Plötzlich ertönte das schrille Leuten des Haustelefons – heute besonders Nerv tötend –, und aus Gewohnheit ging ich sofort ran. „Hallo?", erkundigte ich mich, wer am anderen Ende der Leitung war. Noch bevor die Person antworten konnte, hatten sich meine Mütter und meine Brüder zu mir gesellt und beobachteten mich und meine Reaktionen.
Das ungute Gefühl war also nichts persönliches.
„Hallo ich rufe aus dem Stadtklinikum Kassel an. Spreche ich ein Familienmitglied von Herrn Bilal Alaca?", ertönte die Stimme einer Frau aus dem Haustelefon.
Völlig überfordert von der Situation starrte ich in die Leere.Nein, rief mein Inneres. Oh Allah, lass ihm bitte nichts passiert sein. Lass ihm nichts passiert sein.
„Ja, ich bin seine Schwester", hörte ich mich sprechen. „Es tut mir leid, Ihnen dies sagen zu müssen. Ihr Bruder wurde vor einigen Minuten bei uns eingeliefert. Er hatte einen schweren Motorradunfall und hat bereits am Unfallort jede Menge Blut verloren.
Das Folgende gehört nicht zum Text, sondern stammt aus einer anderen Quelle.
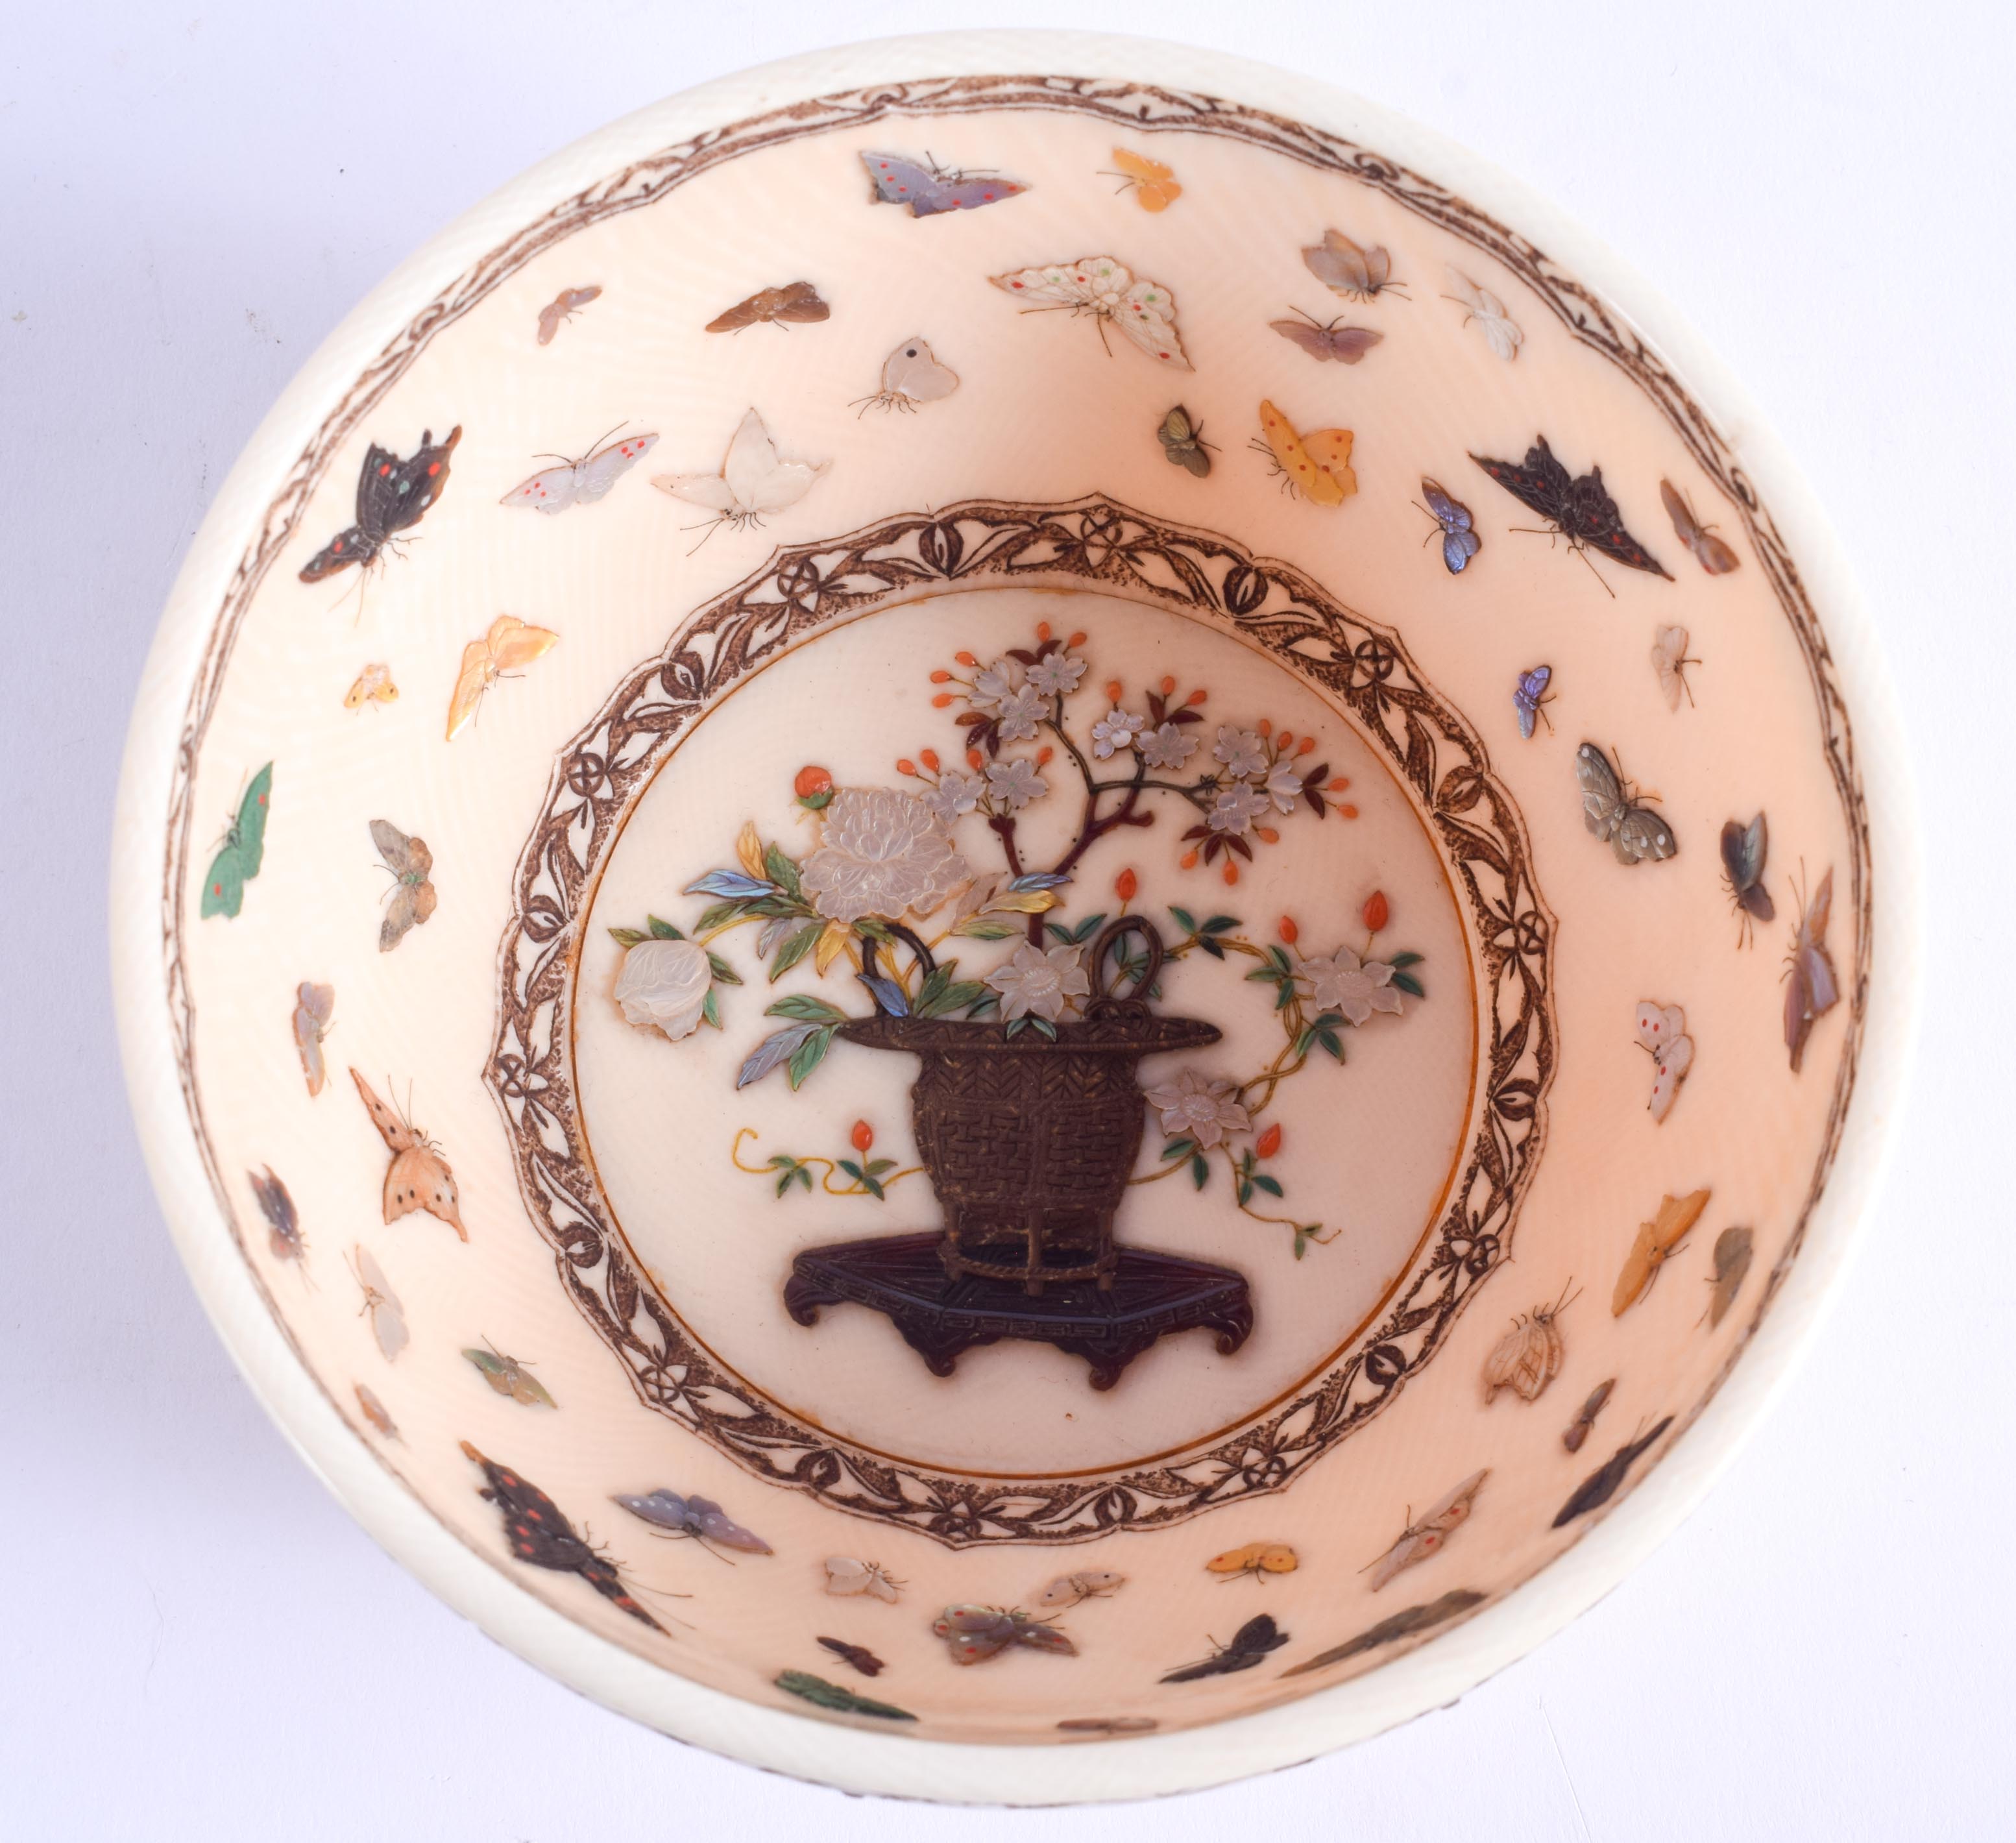 A FINE 19TH CENTURY JAPANESE MEIJI PERIOD CARVED SHIBAYAMA IVORY BOWL wonderfully decorated with but

Als er bei uns eingetroffen ist, war es leider schon zu spät und wir konnten ihn nicht mehr retten", die Stimme der Frau wurde immer leiser in meinem Kopf und ich konnte nicht mehr denken.
Es fühlte sich so an, als wäre mein Gehirn eingefroren.
Er war was?
„Er ist tot?", flüsterte ich und hielt für einen Moment meinen Atem an.
„Mein Beileid", hörte ich die mitleidvolle Stimme der Frau.Ich wusste nicht wie die nächsten Minuten verliefen, aber inzwischen hatten sich alle um mich versammelt. Alle Blicke waren auf mich gerichtet, meine Gefühle jedoch gehemmt. Wie wir aus dem Haus gegangen waren, war mir ein Rätsel. Ebenso, wie ich die Worte aussprechen konnte. Rasend fuhren wir zum Krankenhaus, als könnten wir etwas an der Sache ändern. Als könnten wir Bilal wiederbeleben.
Es war eine Qual vor Bilals leblosen Körper zu stehen.
Mein Herz pumpte nur so viel Blut, wie mein Körper zum Überleben brauchte.Welchen Sinn hatte mein Leben, wenn er nicht mehr bei mir war, nicht mehr an meiner Seite stand?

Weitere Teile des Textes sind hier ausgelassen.